There are many tests that public companies have to face down. The first and most basic test, of course, is to report a healthy profit and revenue growth every single quarter. This is easier said than done. It is not enough for a company to be in the black and produce a profit. They have to also beat market expectations.
This is going to be a problem if there are a lot of analysts following the company and the range of expectations go from realistic all the way to the absurd. The worst part of it all is that, even if you meet market expectations, even a little piece of bad news can drag your stock value down. This is definitely the case with GoPro (NASDAQ:GPRO).
GoPro recently produced solid numbers and experienced a nice spike in its stock prices. However, thanks to Wall Street sensitiviy, the price of this outdoor webcam gear company slipped dramatically. That is how sensitive the market is. You have to present a very very positive picture. That is how demanding Wall Street is.
Well, if that wasn’t scary enough for you, the scariest situation for this company would be when its lockup period expires. A lockup is when big investors and company insiders are prevented by law from unloading their shares. When the lockup expires, the company’s stock faces a lot of downward pressure because when these investors unload their shares, this would depress share prices.

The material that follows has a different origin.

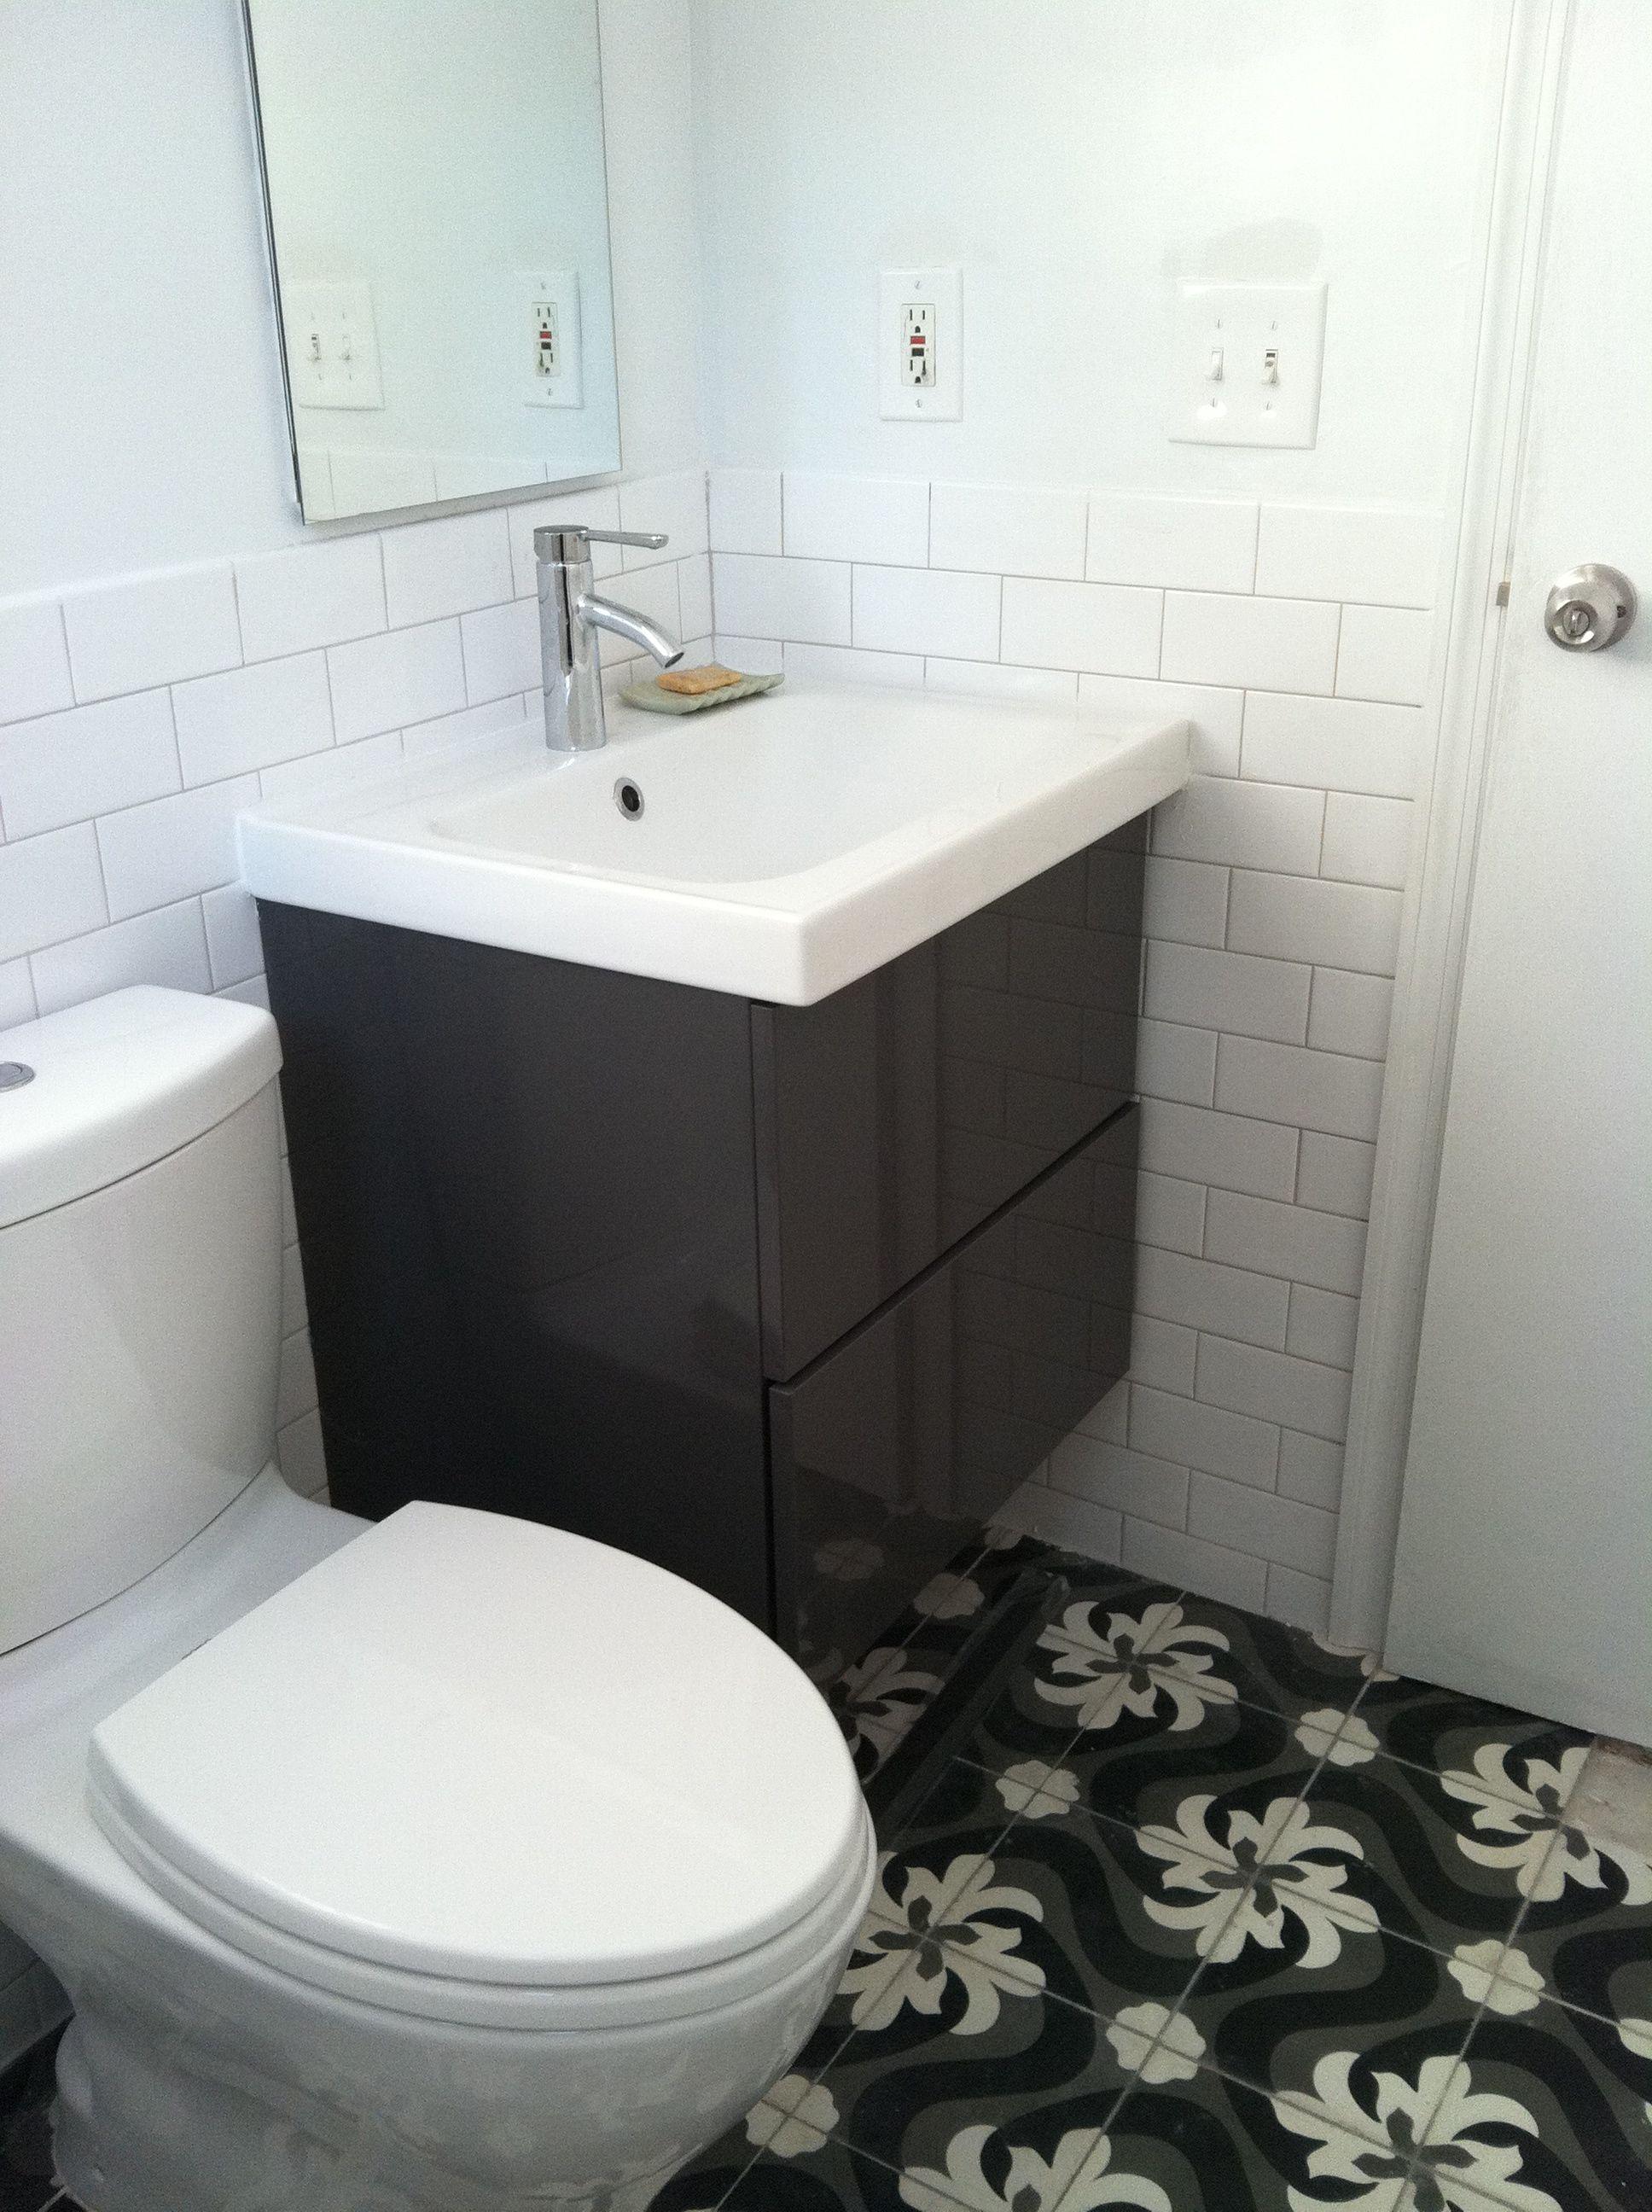 Ikea Godmorgon Vanity Interesting Floor Tiles Harlem Bathroom

The good news for GoPro is that it has a lot of hype backing it up. It has a lot of favorable media impressions and presence. However, it is anybody’s guess whether or not these are enough to keep the market excited about this company’s stock. Up to 59% of the company’s existing 127.8 million shares outstanding can potentially be put up for sale. This is going to be a major test of the market appeal of this company.
The main thing I like about GoPro is that it has a little bit of Apple’s (NASDAQ:APPL) game play. It is a mix of a hardware, designer, manufacturer, and technology company. Of course, it only has a fraction of Apple’s cult-like appeal. Still, GoPro might be able to survive the lockup expiration, assuming that the broader market doesn’t suffer from turbulence in the period of time the lockup expires.